Die Hand Gottes wies auf den nächsten Punkt der Liste:
  • aber die drei Paar Augen, die schon das Standardmodell haben soll!  
Der Engel blies mit gesträubten Flügelfederchen durch die Nase. "Wozu denn bitte?"
Ein Lächeln umspielte die göttlichen Lippen. "Weißt du das nicht? Ein Paar, das nachts durch alle Wände sehen kann, damit eine Nachtwache zwei Stationen betreuen kann. Und ein zweites Paar im Hinterkopf, mit dem sie sieht was man vor ihr verbergen möchte, was sie aber unbedingt wissen muss und natürlich das eine Paar hier vorn, mit dem sie einen Patienten ansehen kann und sagen: Ich verstehe Sie und bin für sie da – ohne dass sie ein Wort sprechen muss..." Der Liebe Gott kicherte und es klang ein bisschen wirr.

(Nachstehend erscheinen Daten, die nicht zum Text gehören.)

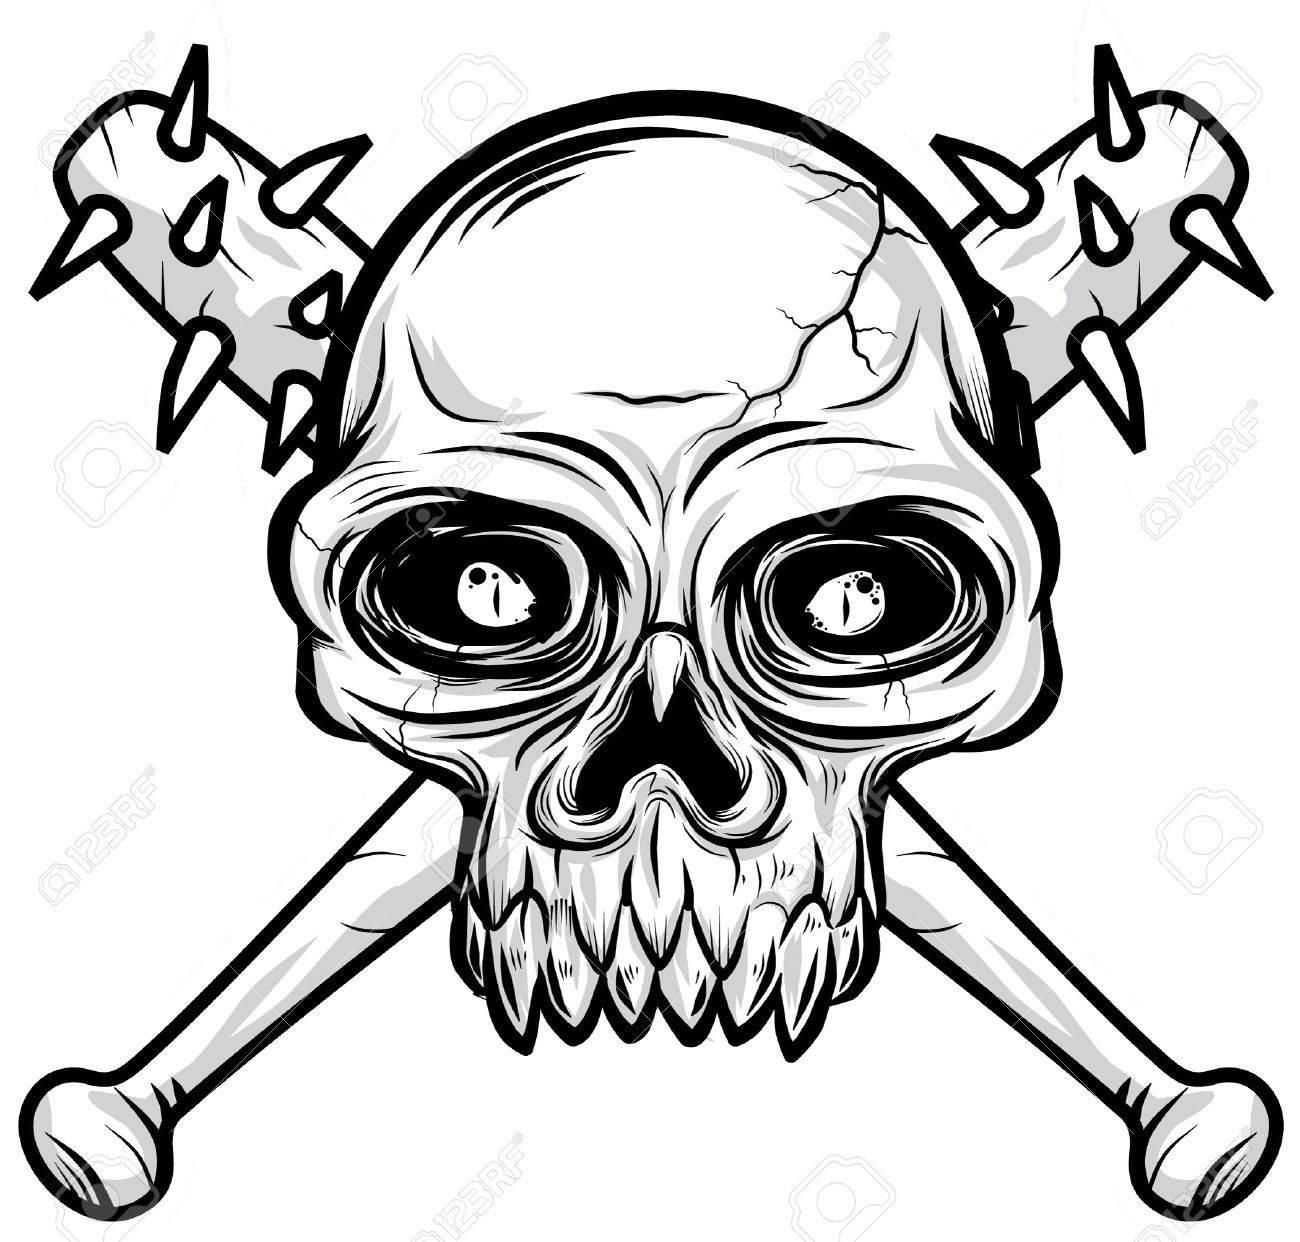 black white Skull head illustration Stock Vector - 11079380

Der Engel zupft ihn leicht am Ärmel und sagte: „Geht schlafen, Herr und macht morgen weiter“
“Ich kann nicht”, rief der liebe Gott, “wir sind in Eile. Aber immerhin habe ich bereits geschafft, dass...”
Goldene Häkchen erschienen wie aus dem Nichts neben den nächsten Punkten auf der Liste...

  • sie fast nie krank wird, und wenn, dann heilt sie sich selbst; 
  • denn sie kann begreifen, dass 10 Doppelzimmer 40 Patienten bedeuten kann, aber 10 Stellen oft nur 5 Schwestern sind.
  • Sie hat Freude an ihrem Beruf, der alles fordert und daher wenig bezahlt ist. 
  • Sie kann mit Schaukelschichten leben und kommt mit wenigen freien Wochenenden aus.

Der Engel ging langsam um das Modell der Schwester herum.
“Das Material ist zu weich”, seufzte er.
"Aber daher flexibel und zäh", entgegnete der Liebe Gott. “Du glaubst gar nicht, was das alles aushält! Sintfluten, Plagen... Sie muss meinen Kindern in allen Lebenslagen beistehen.“
“Kann sie denken”, fragte der Engel?
“Nicht nur denken, sondern auch urteilen und Kompromisse schließen”, sagte der Liebe Gott und klang ein ganz klein wenig stolz dabei. "Pragmatismus", so wie Gott das aussprach, klang es wie ein Zauberwort.
Plötzlich beugte sich der Engel vor und fuhr mit dem Finger über die Wange des Modells.
“Da ist ein Leck”, sagte der Engel. “Ich habe Euch ja gesagt, Ihr versucht zu viel in das Modell hineinzupacken.”
“Da ist kein Leck… das ist eine Träne!” Gott klang etwas indigniert.
“Wofür ist die?”
„Sie fließt bei Freude, Trauer, Enttäuschung, Schmerz und Verlassenheit“, sagte der liebe Gott versonnen:
Die Träne ja….. die Träne ist ein Überlaufventil!
Sonst würde die Schwester all das gar nicht aushalten.